Last Tuesday, I realized that being caught in freeway traffic was a science fiction experience.
Let me back up, so to speak. That afternoon, instead of going straight home, I took a bus to West Edmonton Mall to run an errand. On the way back, we hit the tail end of rush hour. The ride home takes about 45 minutes, so I like to settle in and read, write, tweet, and/or listen to an audiobook. Time passes quickly when your mind is focused on another world.
The driver on the ride back had a heavy foot, so we were speeding up Whitemud Drive. However, at around 149th Street, the driver suddenly decelerated. The bus was still moving, but very slowly. I could hear a siren closing the distance from behind us. By now, cars had edged of if the emergency vehicle’s way as best they could, pulling over to the right. Some squeezed in front of the bus; others came in tight alongside it.
I looked up from reading N. K. Jemisin’s “The Great City Born”, and saw a fire engine come into view and, slowly but steadily, pass us. The moment induced a bit of vertigo: it felt like the fire engine was passing while the bus was still, but both vehicles were moving at a disconcertingly almost-synchronized pace. Finally, there was a crossover moment when the fire engine slowed to a stop and the bus continued, speeding past as firefighters disembarked from the truck and walked up to three cars which had clearly crashed into each other. An ambulance was already at the other end of this chain of vehicles, with paramedics checking out one of the vehicles or walking in the opposite direction to meet up with the firefighters. It was this moment that felt so science fiction to me.
Why? There were no aliens or futuristic technology or anything out of the ordinary for a mid-week rush hour. That was the thing. This all felt normal. We were on a curvy stretch of a freeway bordered by landscaped embankments, trimmed with Jersey barriers, and spanned by an overpass. No houses were in sight. Neither were there bikes or pedestrians (other than the emergency responders), let alone bike paths or sidewalks. But there was the bus I was on, and all the surrounding vehicles which may as well have been operating on a single track, like a monorail, or like automated vehicles programmed to drive in an orderly fashion.
It felt like being in a closed experimental system. The three vehicles in the accident were like pathogens, and the emergency vehicles were deployed like antigens. (After all, the Whitemud is considered an “arterial” road.) Despite these biological metaphors, we humans were essentially encapsulated in machines made of metal, fiberglass, and concrete. We made those materials, and we built systems that use them. We’ve created machines made of metal, and other human-made material, that run on concrete tracks. The science of roadway construction enables the fiction that humans live in a machine world.

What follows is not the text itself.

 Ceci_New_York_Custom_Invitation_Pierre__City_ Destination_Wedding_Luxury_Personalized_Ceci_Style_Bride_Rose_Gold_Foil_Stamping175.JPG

I only get this feeling on the freeway. More recently, I was in a bus on Whyte Avenue that passed an accident which also brought out a fire engine and an ambulance. However, things felt more like a part of life, not fiction. There was a lot of traffic, but it was stop-and-go, and the bus stopped at each of its scheduled stops to let people on and off. I could have gotten off at any point and walked to my destination, joining the hundreds of pedestrians strolling along the avenue.

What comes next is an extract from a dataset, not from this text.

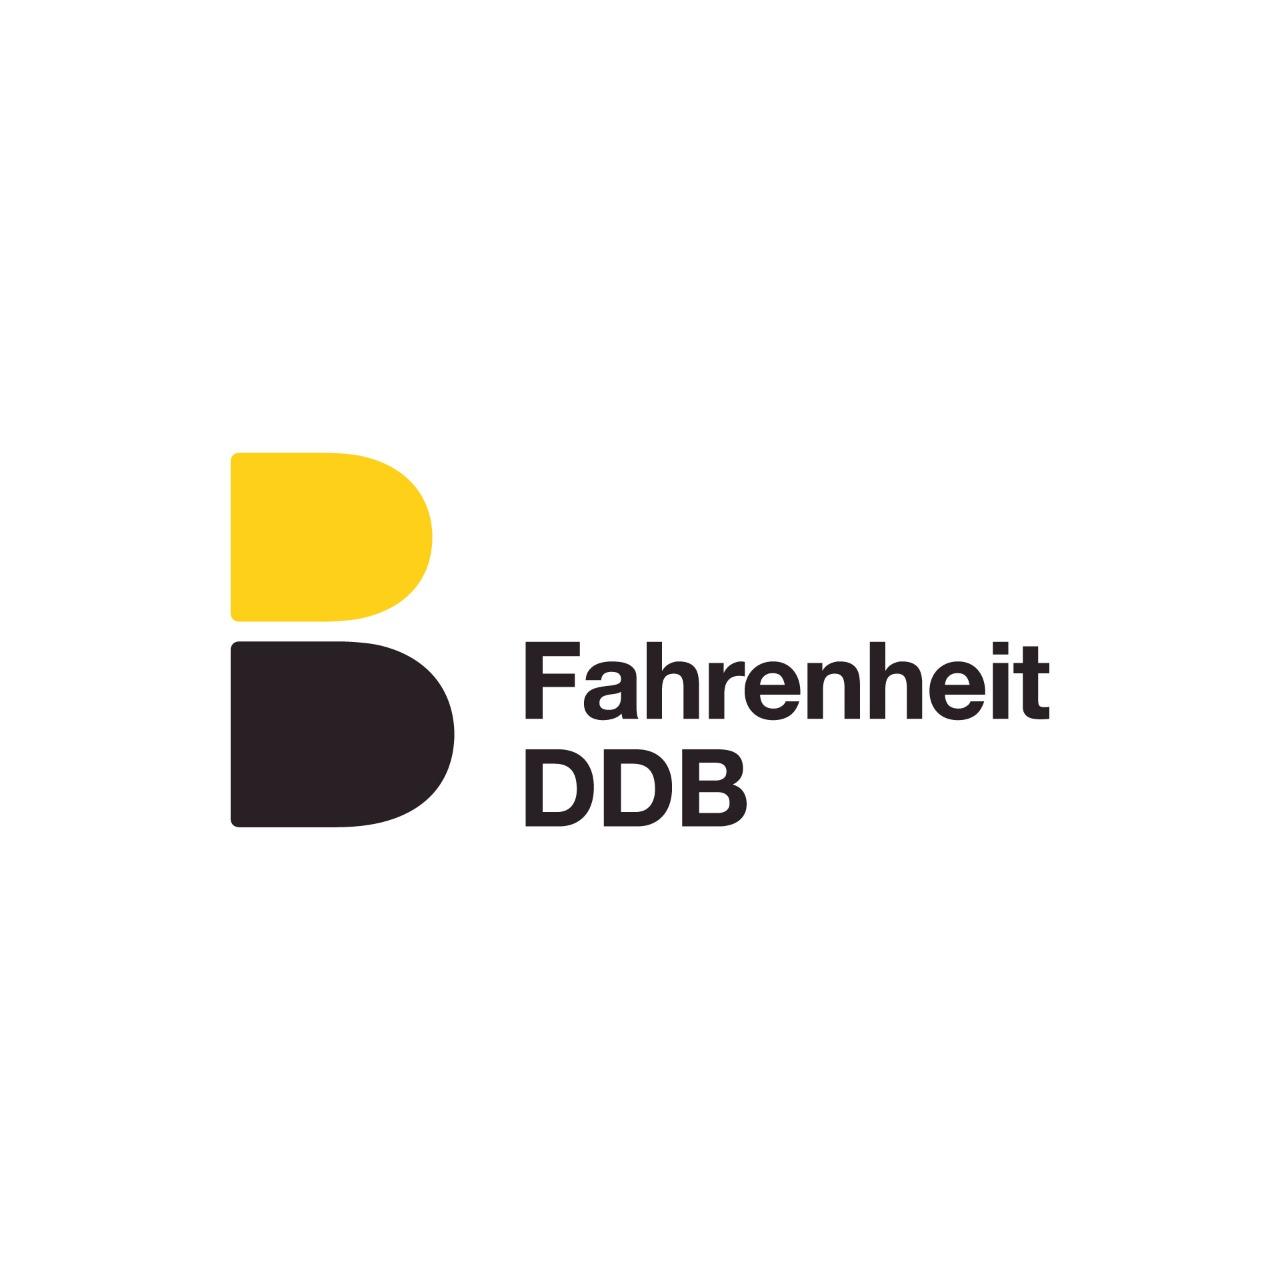 Fahrenheit DDB
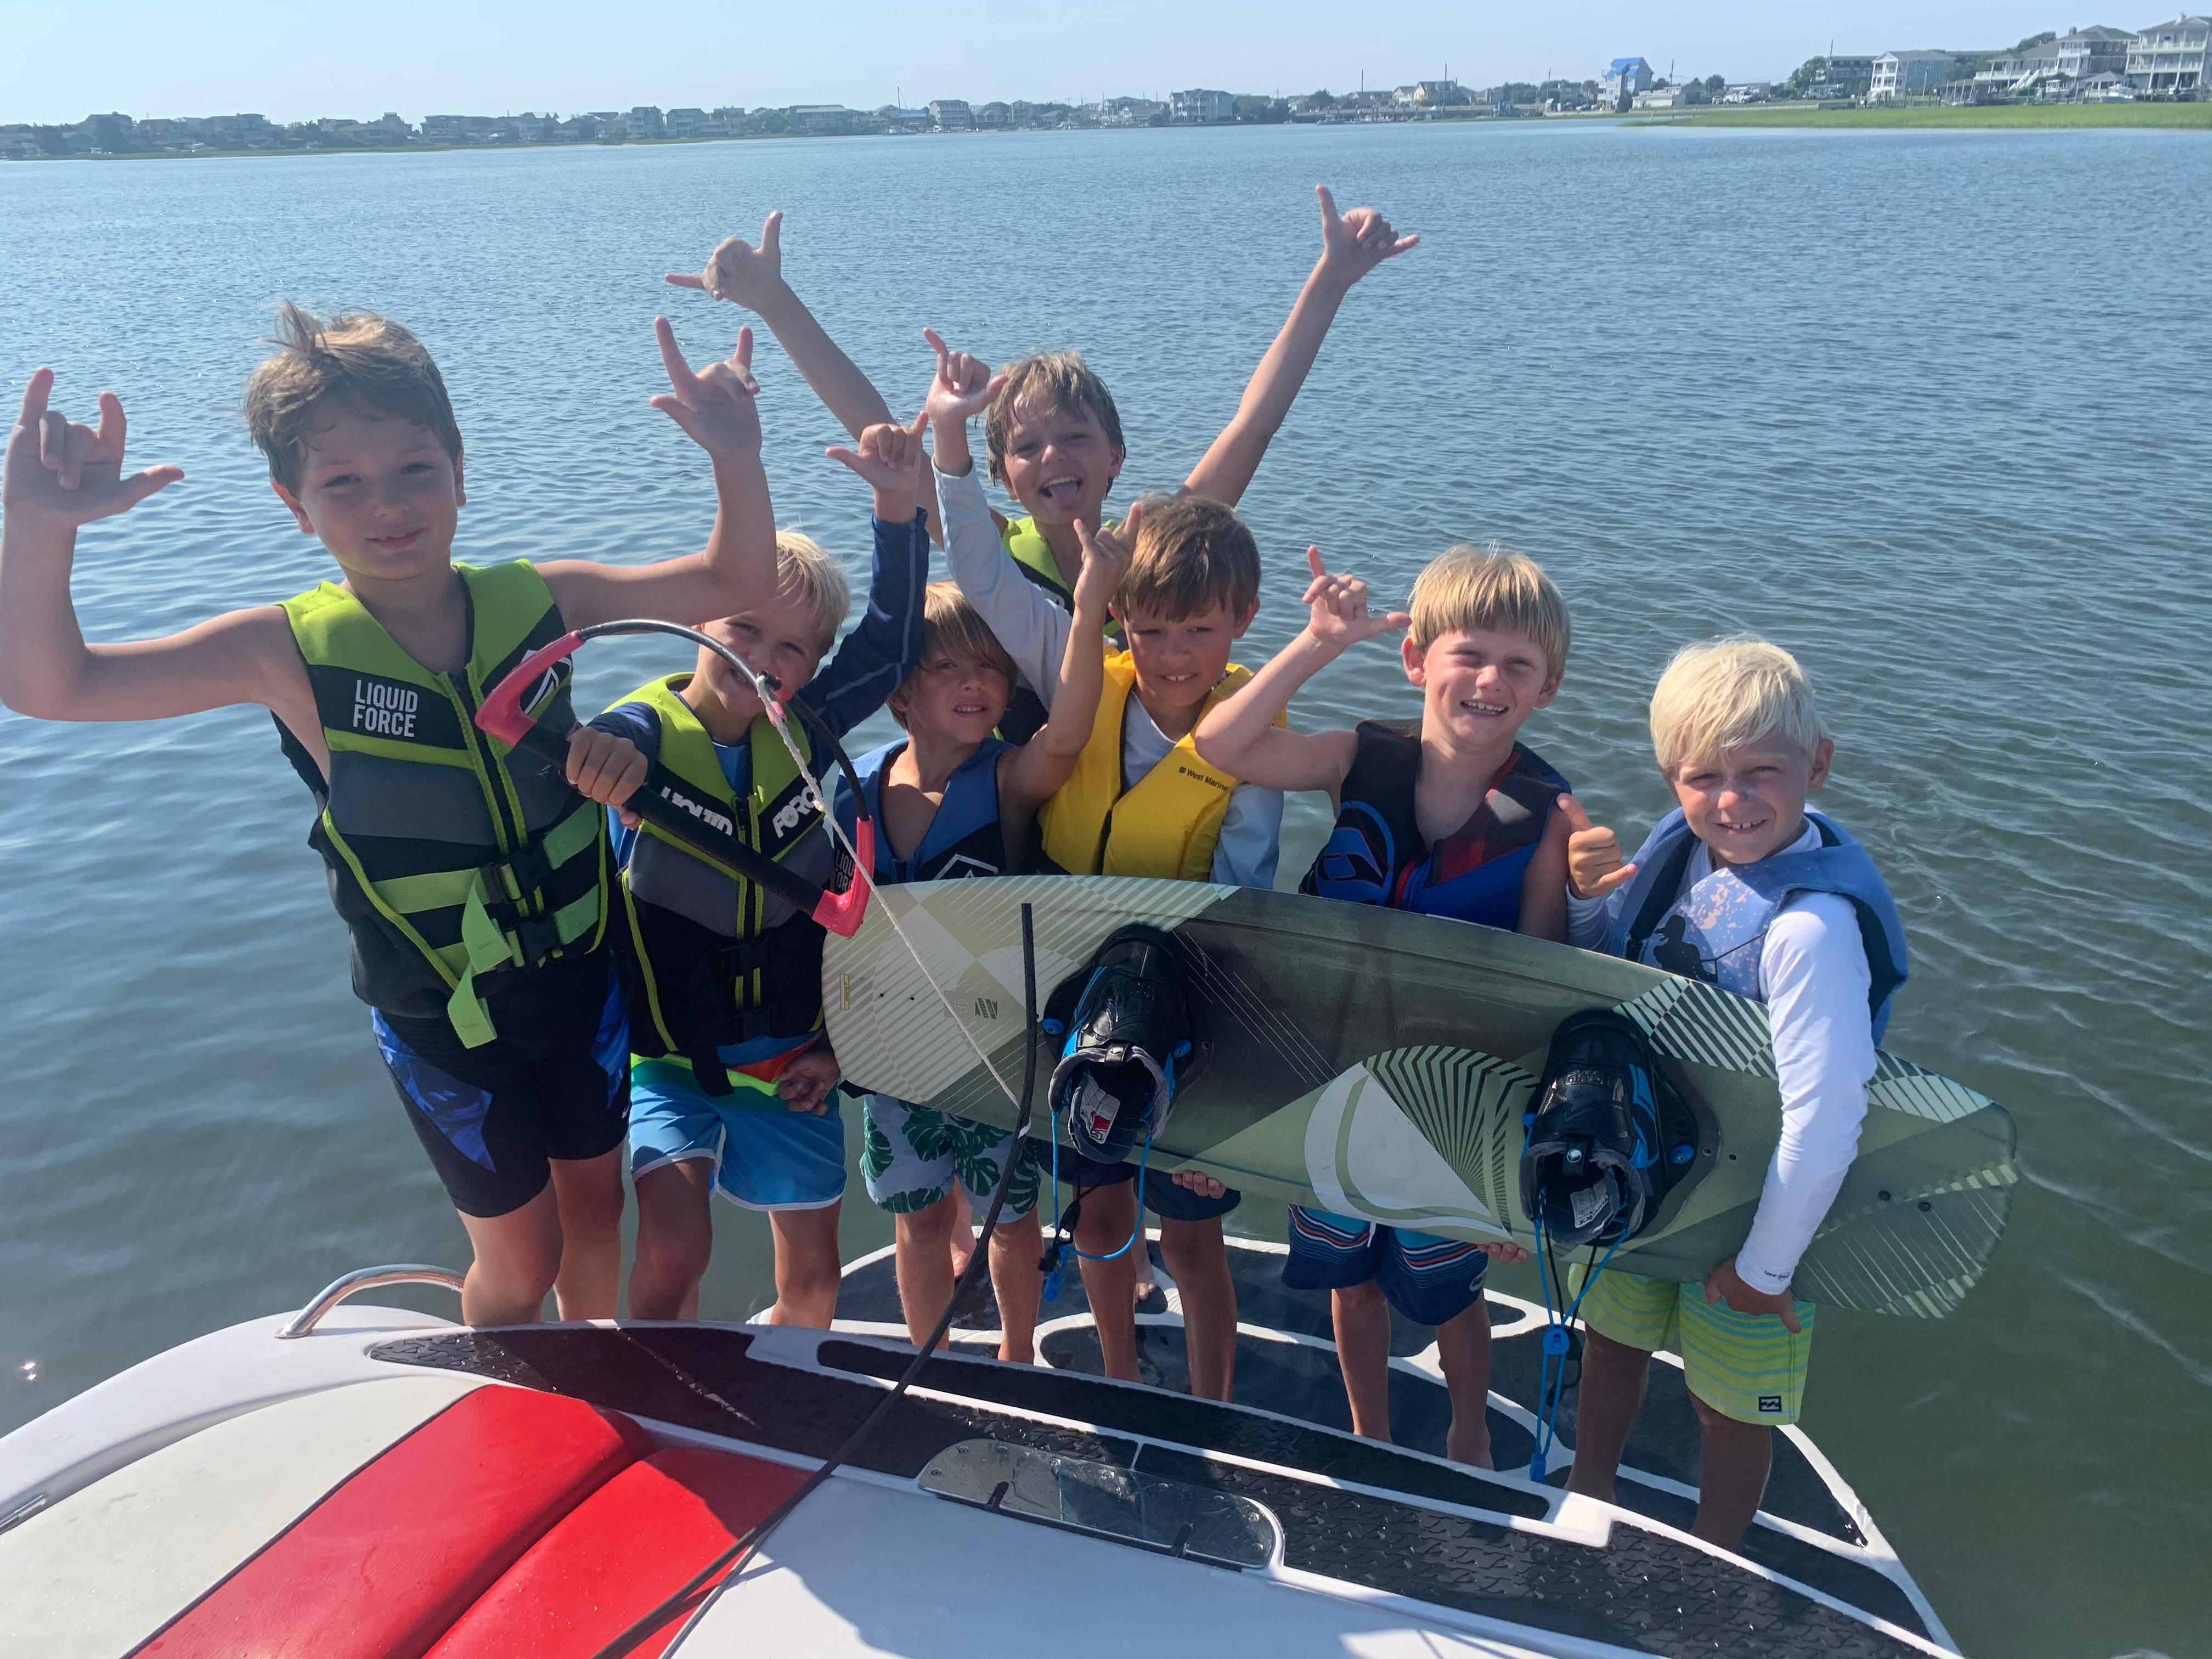 Kids Camp July 26-29

The freeway eliminates that choice. If you’re on the freeway, you’re most likely inside a vehicle. If you’re a driver, you’re steering a ship within a known system, but with the potential for being knocked off the path by unknowns, like you’re piloting the Proteus in The Fantastic Voyage.
If you’re on a bus, like I was, you just board at the transit station, turn on your phone, that gateway to other realities, and let the vehicle convey you from one location to another. You might lose the sense of time and get caught up in a far-away world, and you might find yourself in your own neighbourhood in the present time. It’s not a time machine, but it can sure feel like it.